Breanna Gribble: The disaster management cycle looks different during COVID. We went from prepare, respond, recover, mitigate; to instead prepare, respond, adapt (flatten the curve), vaccine, recover and … mitigate?
Something I think that needs to shift about our thinking here is the need to acknowledge that our true resilience to this virus may be our ability to adapt and transform to this ‘new normal.’ With that in mind, a more accurate cycle may consist of a prepare phase, followed by respond, adapt and then transform. The preparation phase is looking at the diversification of our systems, processes, procedures and structures, and the response phase is followed by adaption, rather than recovery. That’s because we’re aware that some disasters may take more time to recover from and we learned from COVID that we can successfully operate within a “new normal.” In the transformation phase, we are taking the lessons learned from the disaster, as well as our behavior during the adaption phase, to create transformative, forward-thinking solutions for our clients.
Christopher Cerino: The mitigation phase in traditional cycle just goes back to rebuilding our infrastructure to the current, or in some cases, updated standards. But we’re not asking the question of whether we should be building back the same as before. For example, in a traditional response and recovery phases, if a building is destroyed, we build it back to new codes and we think the building is more resilient. But that may not represent the new transformative thinking that we need to meet this moment. We could rebuild the building, but it might also make more sense to make it a park, if that is proven to be a more effective solution for the community. COVID gave us the unique opportunity to implement different adaptations on a trial-and-error basis to see how it played out. You never get that testing period with natural disasters. We learned a lot from Sandy, but ultimately, all of the new strategies and updated codes won’t be tested until the next event.
What do you think comes next for the design and construction industry as it relates to COVID and its impacts on resilience planning?
Breanna Gribble: I think where we’re making a lot of growth is our ability to implement immediate changes that minimize impacts to disruptive forces, whether that be a pandemic or a natural disaster.
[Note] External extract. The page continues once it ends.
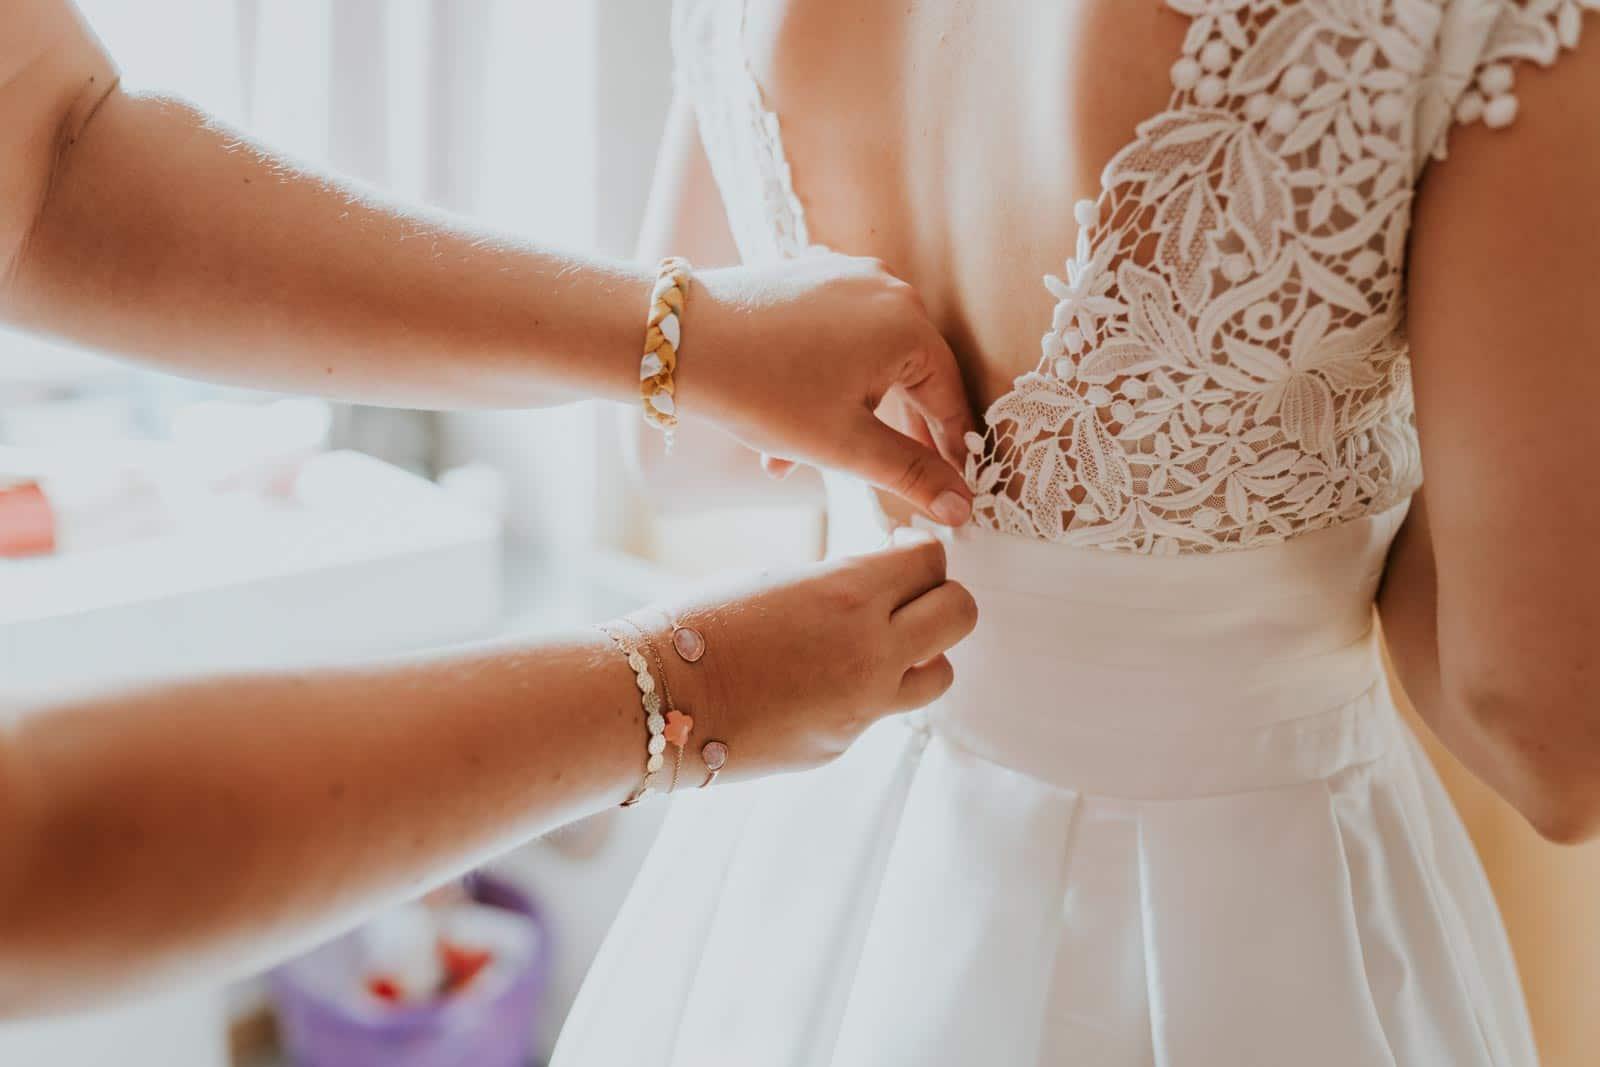 La fermeture de la robe…
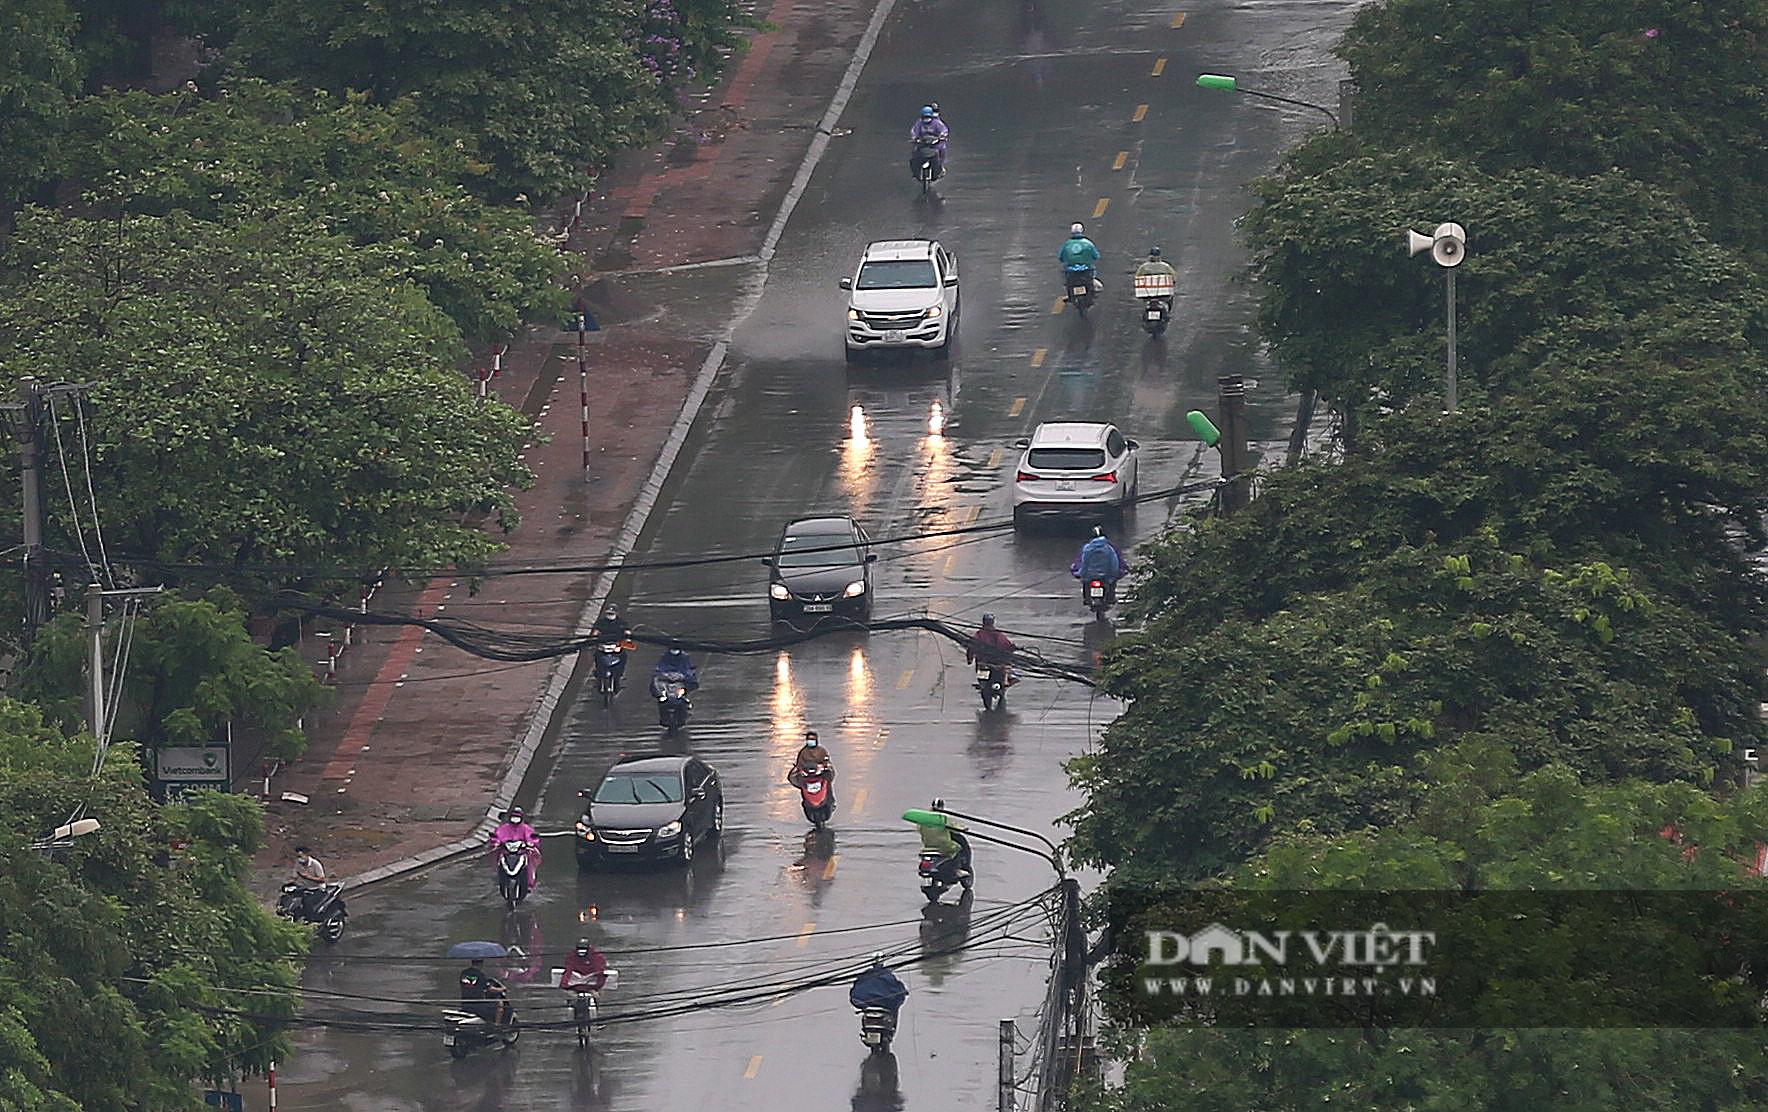 Bầu trời Hà Nội mưa liên tiếp, thời tiết mát mẻ sau nhiều ngày nắng nóng gần 40 độ C - Ảnh 4.

We have become better at embracing the uncertainty of the future, and asking the question, “should we be building back the same?” At STV, we talk about designing “beyond the code” and I think a similar mindset can be applied following this pandemic. For generations, disasters have long served as a catalyst for resilience capacity building, but despite our industry being one that champions proactive rather than reactive thinking, we still typically need a disaster to get people’s ears. So, let’s hold onto this moment and see how can continue to transform our built environment in a way that makes us more prepared into the future, and improves our collective quality of life.
Christopher Cerino: Replacing recovery and mitigation with adapt and transform is a root cause analysis that runs counter to the old solution of just robotically fixing whatever has been destroyed by the event. COVID, more than any other event in recent memory, taught us these lessons on how to adapt and transform. This line of thinking will help us to better take on significant challenges, climate change. We have to be proactive in how we strategically approach climate change. It requires a whole new kind of thinking.